Only, of course, it was. It always had been, and he hadn’t known. They should have told me. To leave me to find out the way I did, to have to sit and hear that drooling old man going on and on about it, telling me what happened to them both, and not have them tell me. To have him speak of the babies they had had that had died, to have him explain how precious a child Abner was to his parents, and never have heard it from them? It was an obscenity, that was what it was.
As he had walked past the A & P supermarket, past Kresge’s and Woolworths’ five-and-dime, he had seen that old man in his memory silhouetted against everything he looked at, heard his thin voice grating in his ear above the rattle of the traffic.

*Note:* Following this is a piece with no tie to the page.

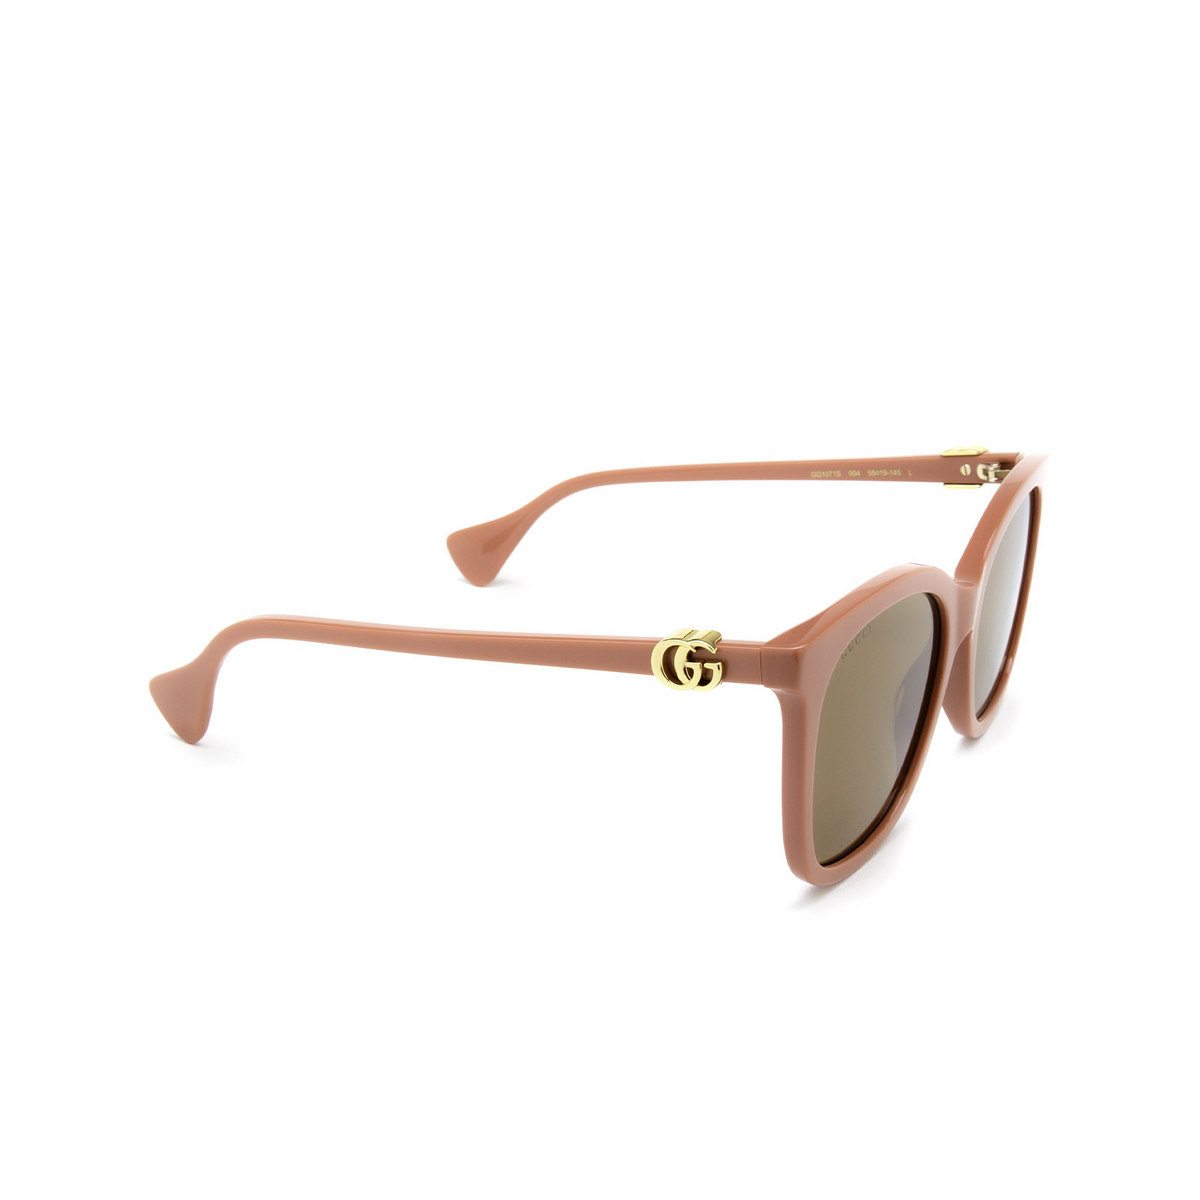 Gucci® Cat-eye Sunglasses: GG1071S color Pink 004 - three-quarters view.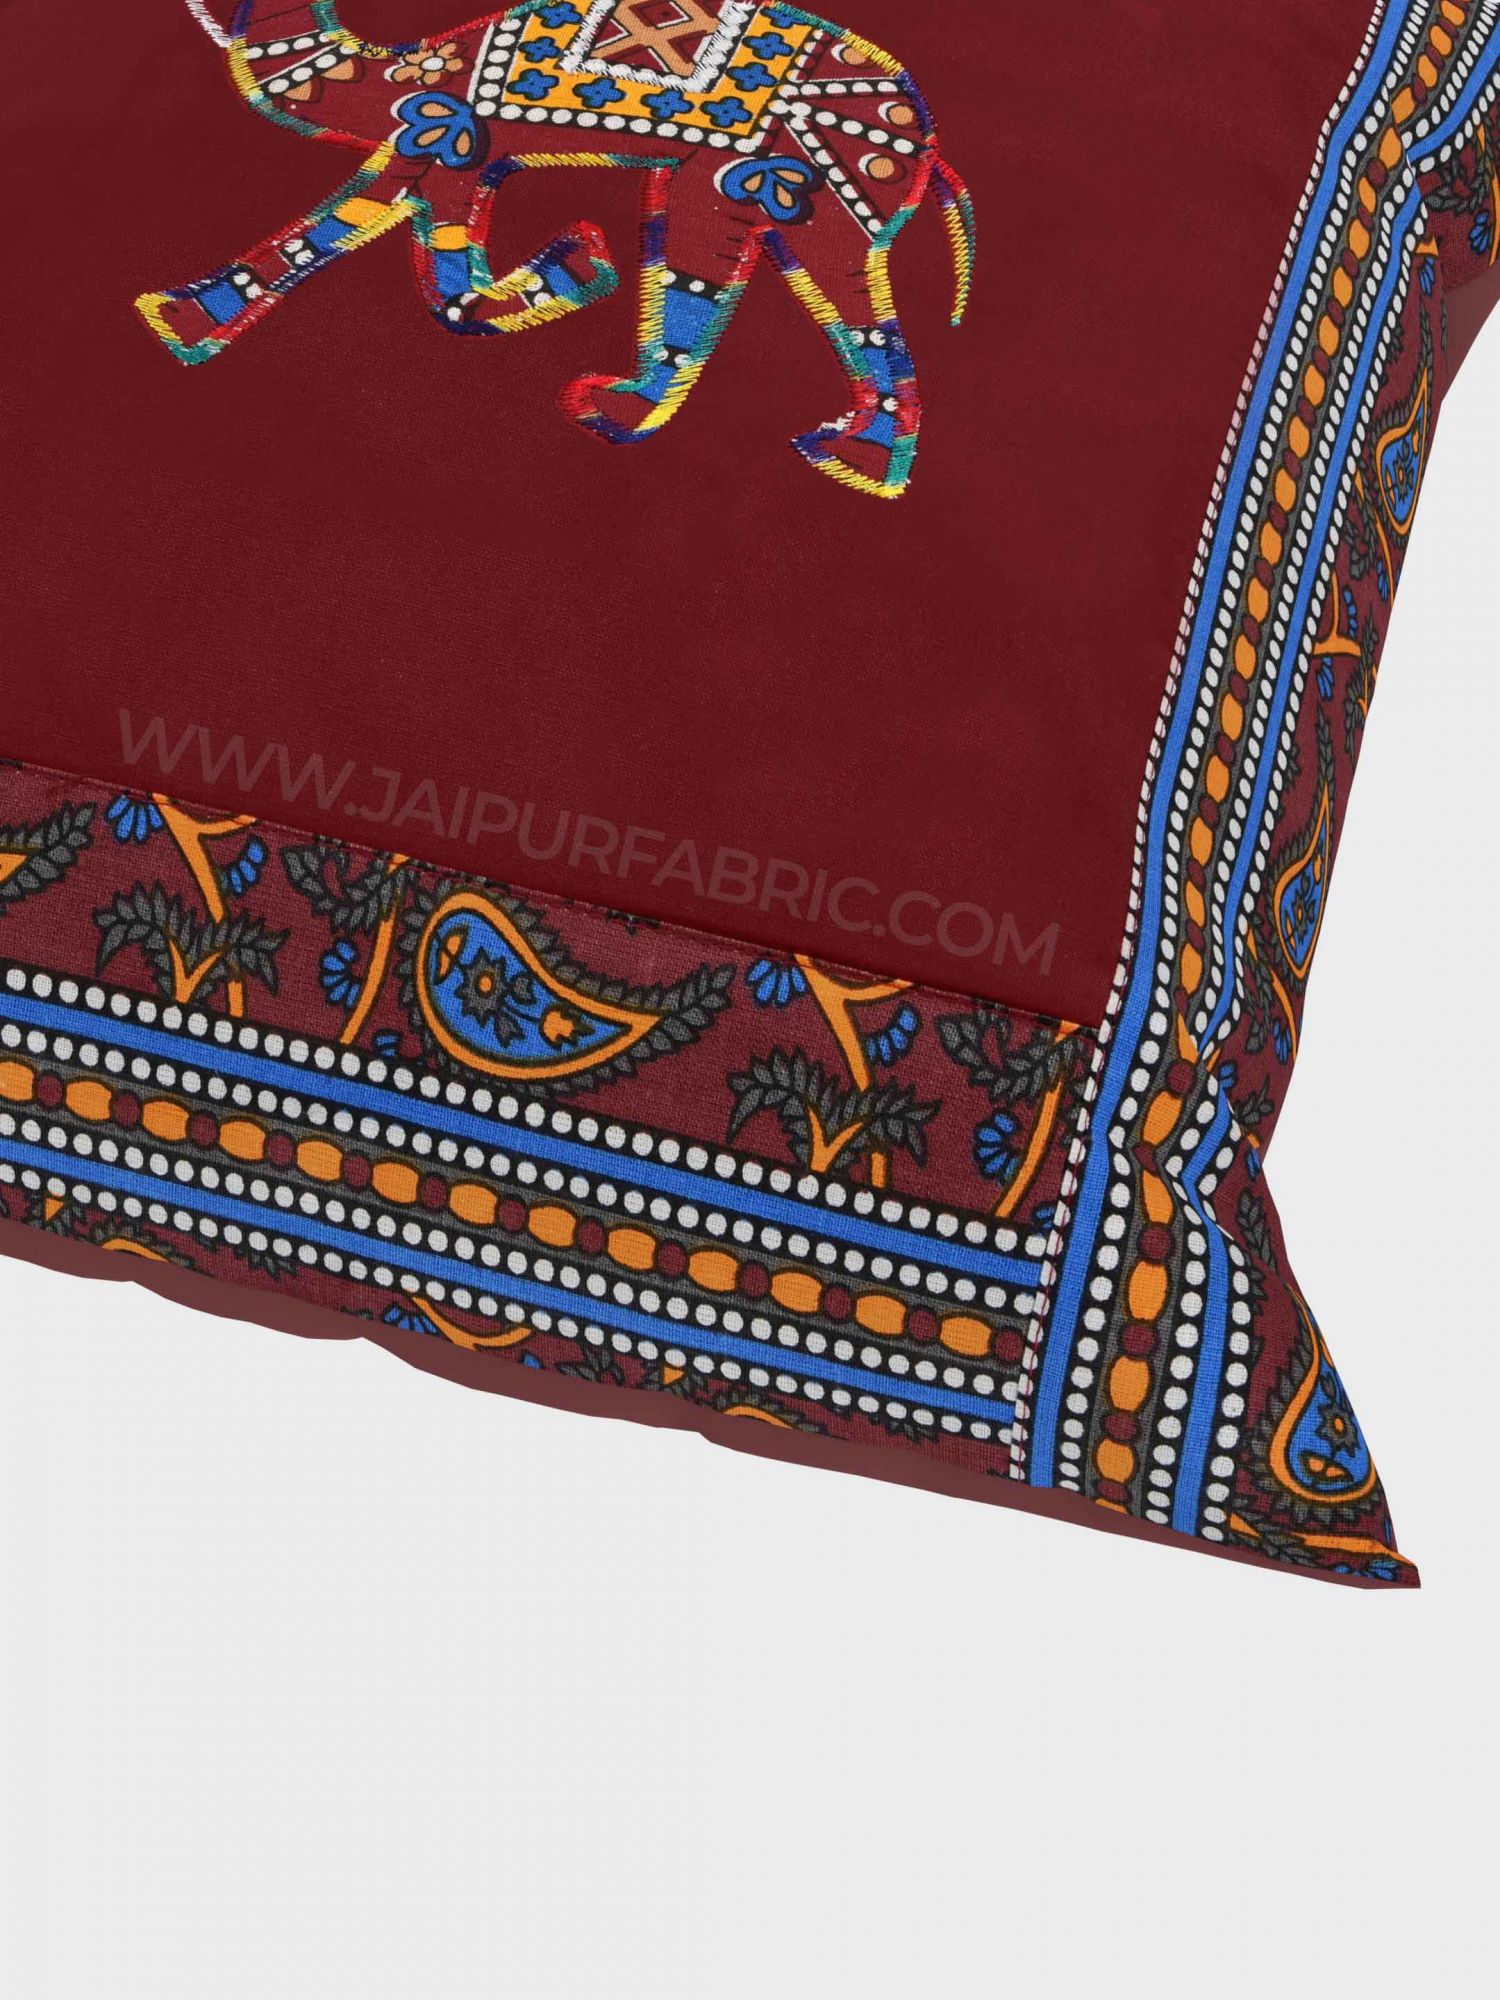 Applique Maroon Camel Jaipuri Hand Made Embroidery Patch Work Cushion Cover

‘They never told you? Hyman and Frieda, always a funny pair those two, always like that to us, but to you you’d think they’d be different? Three babies they lost — my old woman, she knew, worked at the hospital so she knew, and she said it was three — and then you and you’d think they’d tell you — ’ And he’d hawked and swallowed convulsively and then sniffed thickly and Abner, seventeen-year-old Abner, had almost thrown up.